05.10.2022 - POP #PutOnPurple Day - if you have any kind of purple [shirt, socks, nail polish, a drawn on purple heart, jewelry, etc.] please show your support for myself and all the other amazing warriors. Let’s raise awareness during lupus awareness month!
10.01.2022 - Walk To End Lupus NOW! is finally returning in person! ☺ #PutOnPurple
Lupus Nephritis for me is a chronic illness that is often a hidden disability that affects my kidneys, other parts of my body, and my life in general. Everyday is a mystery, but I hope that one day we'll find a way to help combat it completely. Funding for research and medicine is key, so I hope you'll help me make it one step closer to having more good days than bad. If you can donate anything, even $5, all the money goes to the LFA - an organization close to my heart.
I was diagnosed 17 years ago, so I've been living with SLE for over half my life. I don't like to always show how I'm really feeling when I have aches or my "wolf" patch or the constant fatigue, but my positivity has gotten me through so much. I have started a monthly infusion and am at my lowest prednisone dose that I've ever been at. I actually was going to decrease it even more this year, but I got sick, so I’m hoping to make the change soon. I know a lot of others know that med struggle and I hope events like this continue to help and maybe one day we'll find a cure!

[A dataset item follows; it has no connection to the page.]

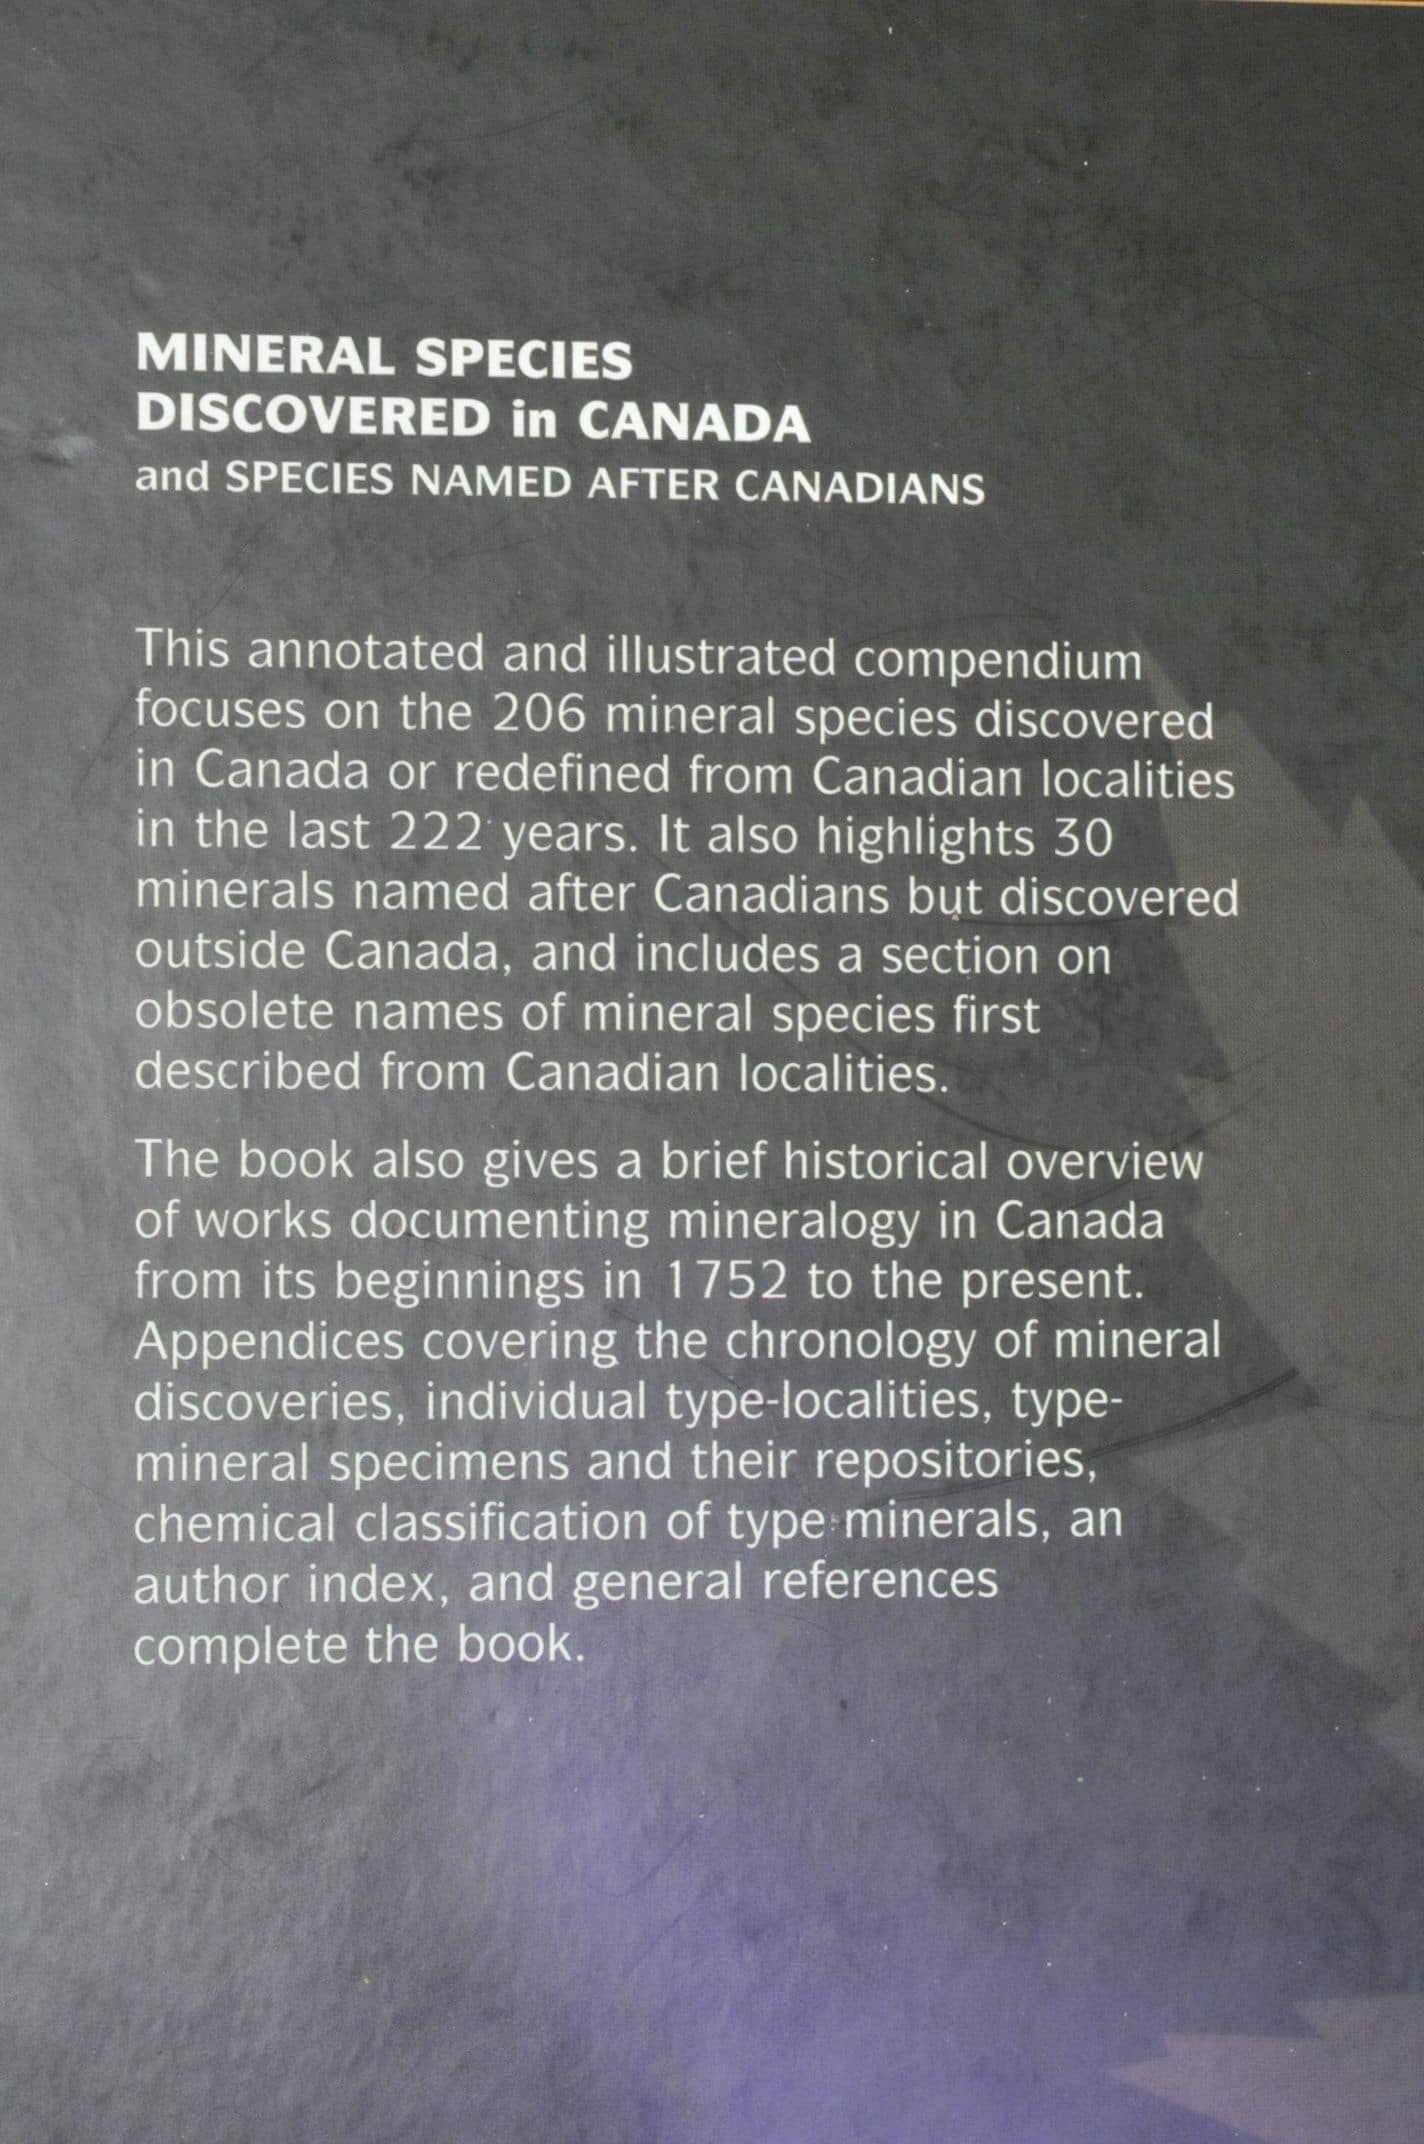 Mineral species discovered in Canada.
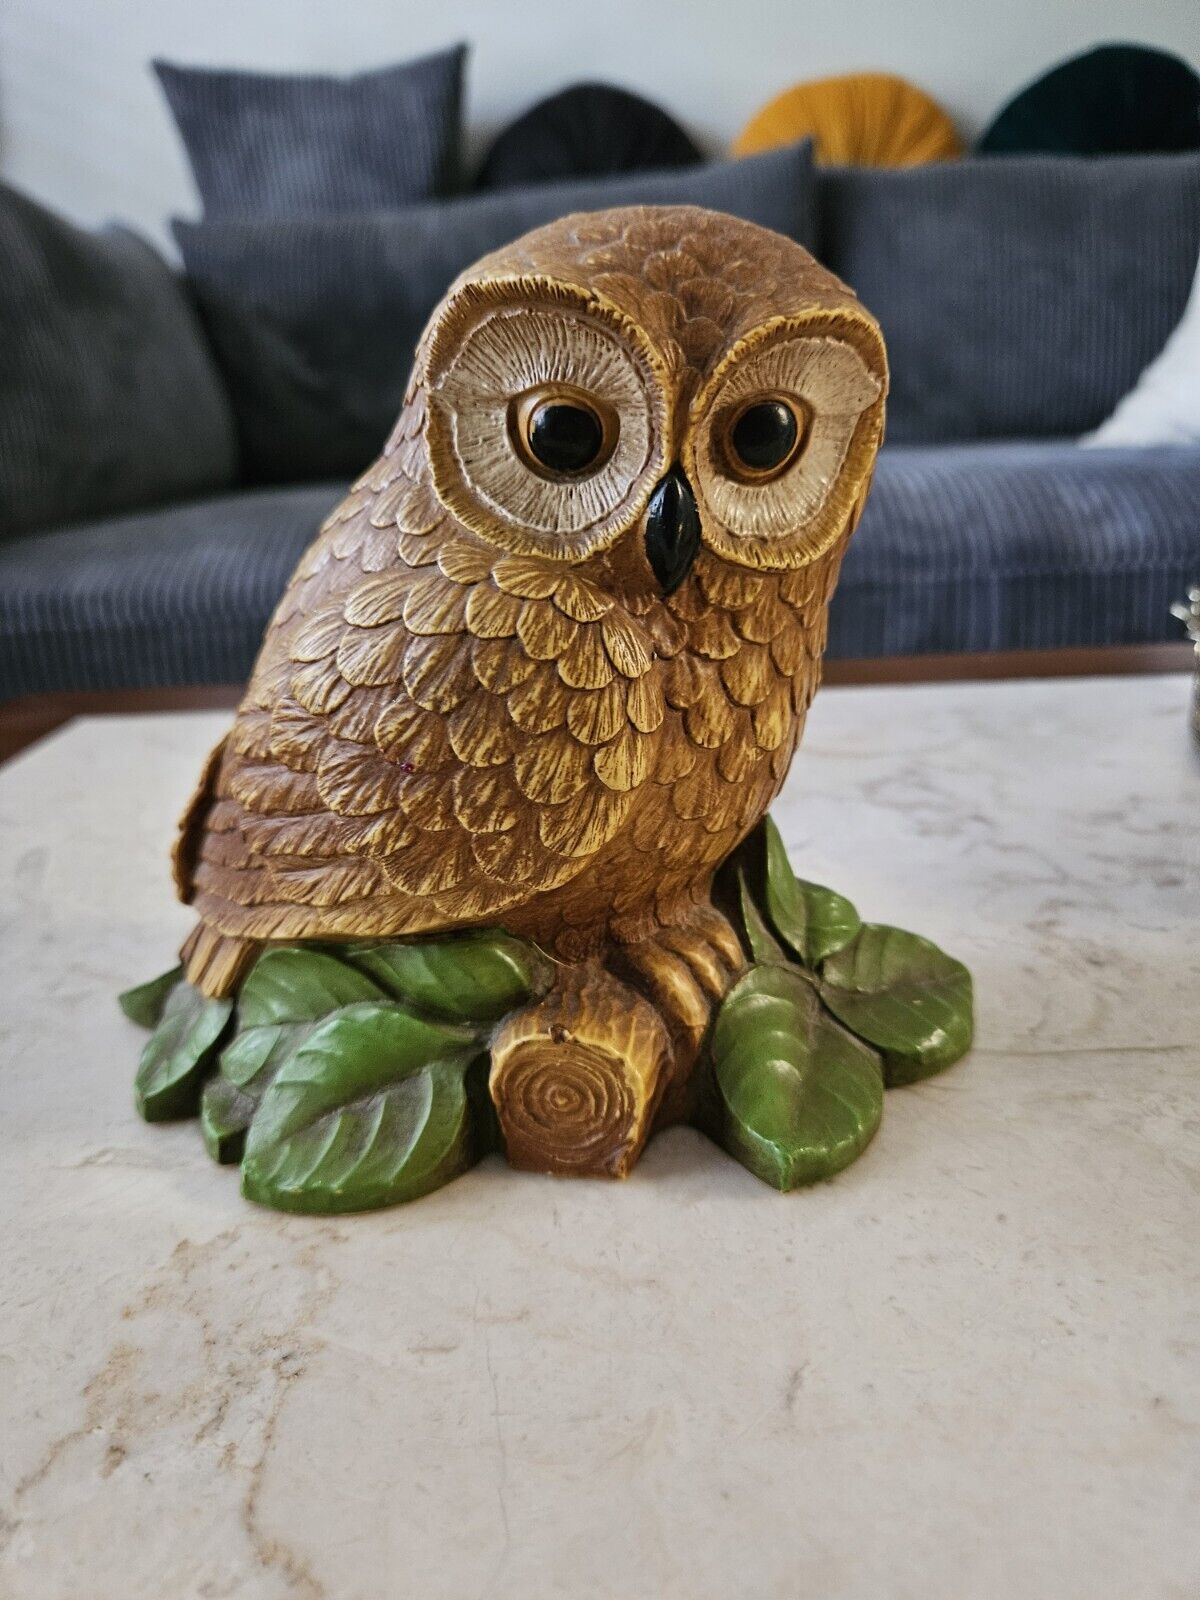 Vintage Hard Plastic Resin Perched Owl Statue Figure, Maybe Homeco? So Cute

Especially in the past couple of years, it’s been so difficult trying to navigate through lupus and covid. The mental, social, & physical stress has been taking a toll more than ever. And the constant wondering if one minor thing I do will affect my routine is exhausting. I just want to help to be part of the solution and would love for you to be part of it too!
We got this! I truly believe my friends and family are in full support and I feel so lucky to have that.